Через минуту я сидел за кухонным столом. Мама протянула мне стакан рэйлтонской водопроводной воды, лучше для здоровья нет.
– Ты бледен как привидение, – сказала она.
– Сколько пролежал этот плавленый сыр? – поинтересовался я.
– Не придирайся к моему сыру. Я тоже его ела, а со мной ничего не случилось.
– Мне совсем уже пора на урок. – Я глянул на часы. На самом деле, выбравшись из темного подвала на свет, я почувствовал себя вполне прилично.
– Посмотри на меня! – велела мама.
Я подчинился и посмотрел в ее настороженные глаза.
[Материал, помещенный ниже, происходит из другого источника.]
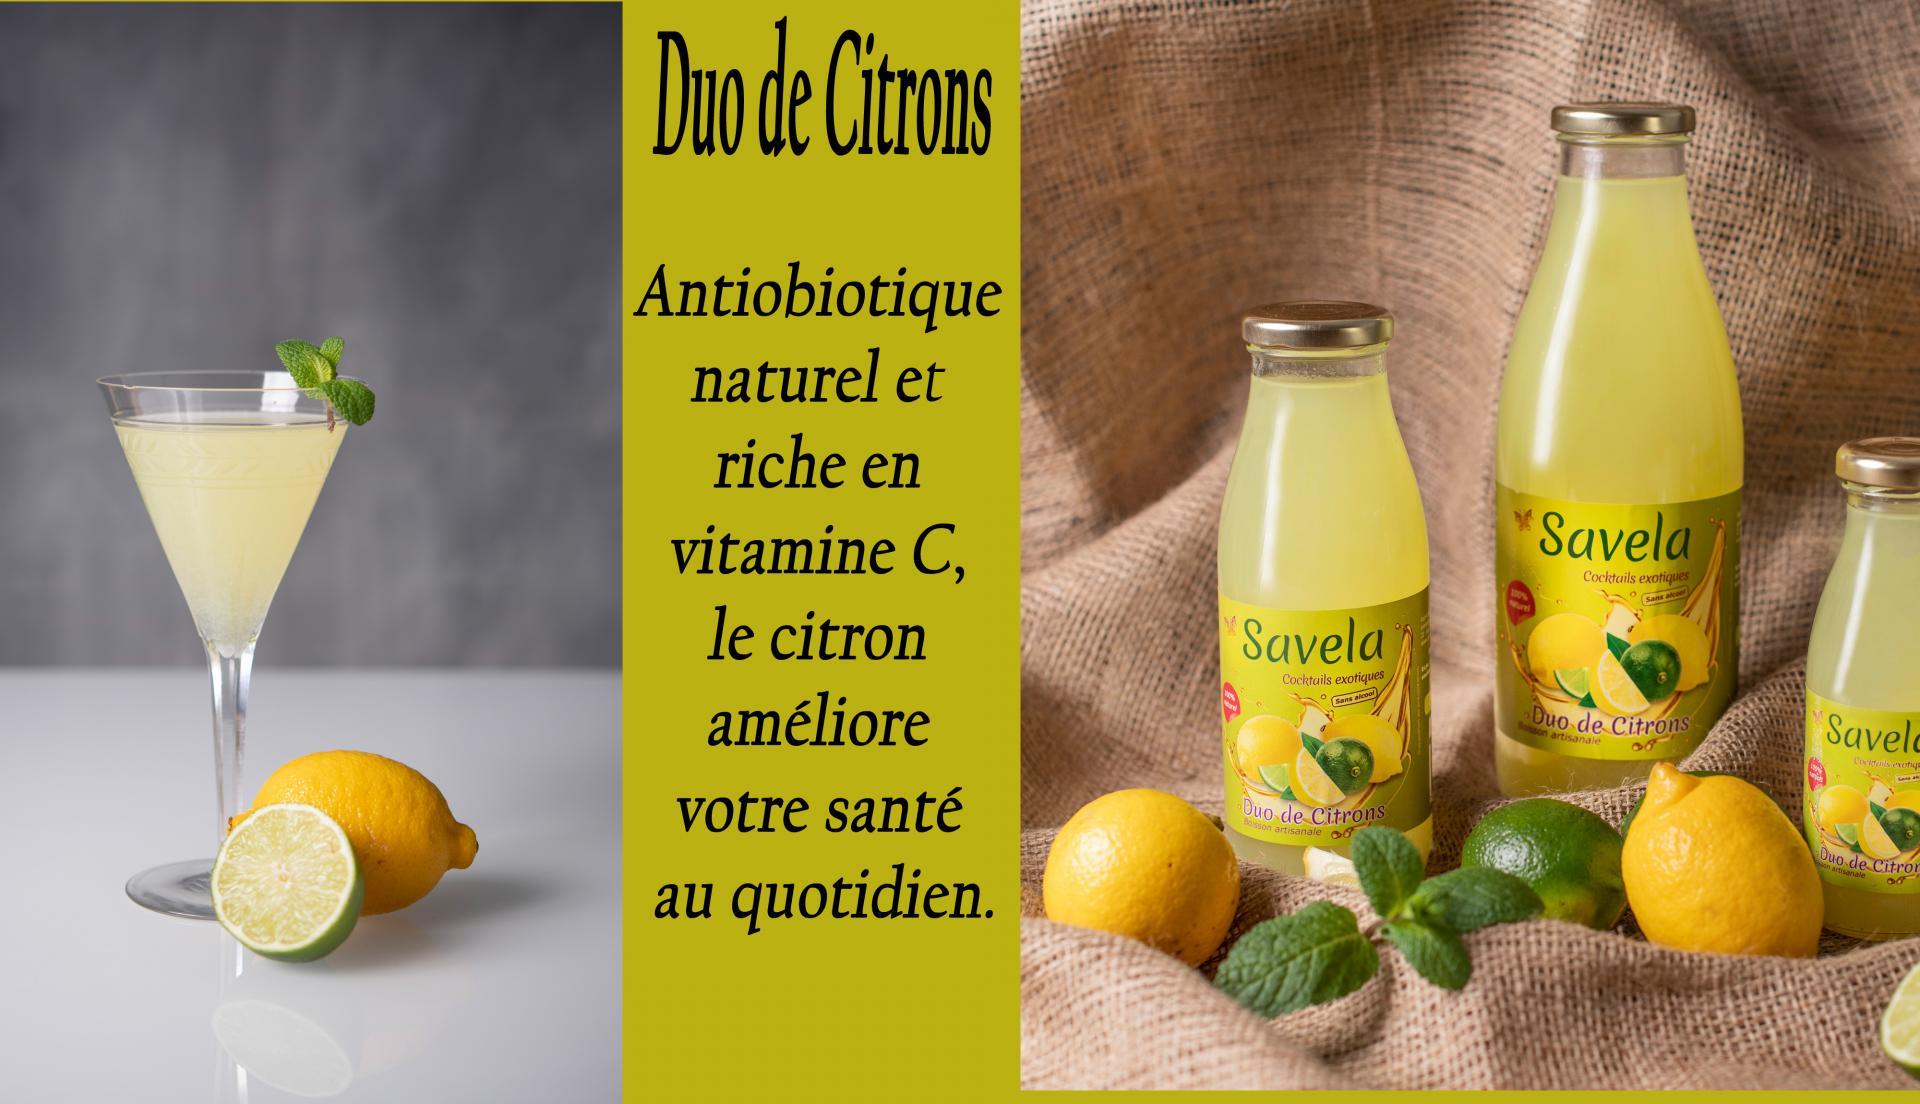 Slider 3 duo de citrons v1
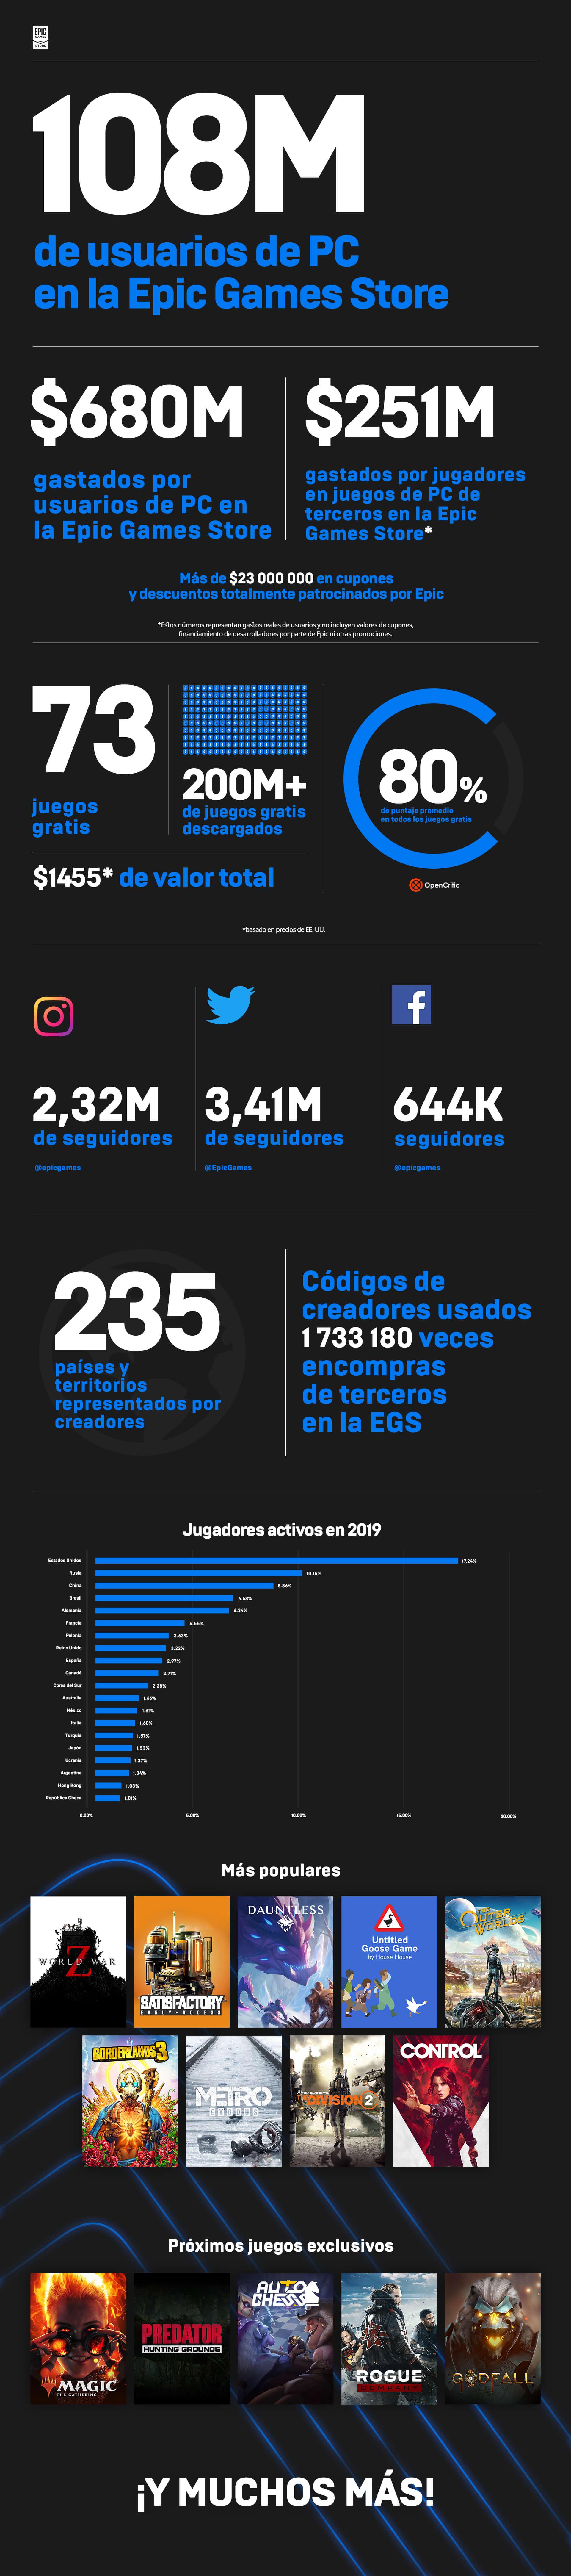 ES_MX_EGS_Infographic.jpg

Слабый отголосок шока, того – что бы это ни было, – что настигло меня в подвале, но вот и прошло, я снова стал самим собой. Мама, видимо, признала это и не стала возражать.
– Ты, должно быть, подхватил какую-то инфекцию, – сказала она, стоя на крыльце, и отстранила меня, когда я подался вперед, чтобы поцеловать ее на прощанье.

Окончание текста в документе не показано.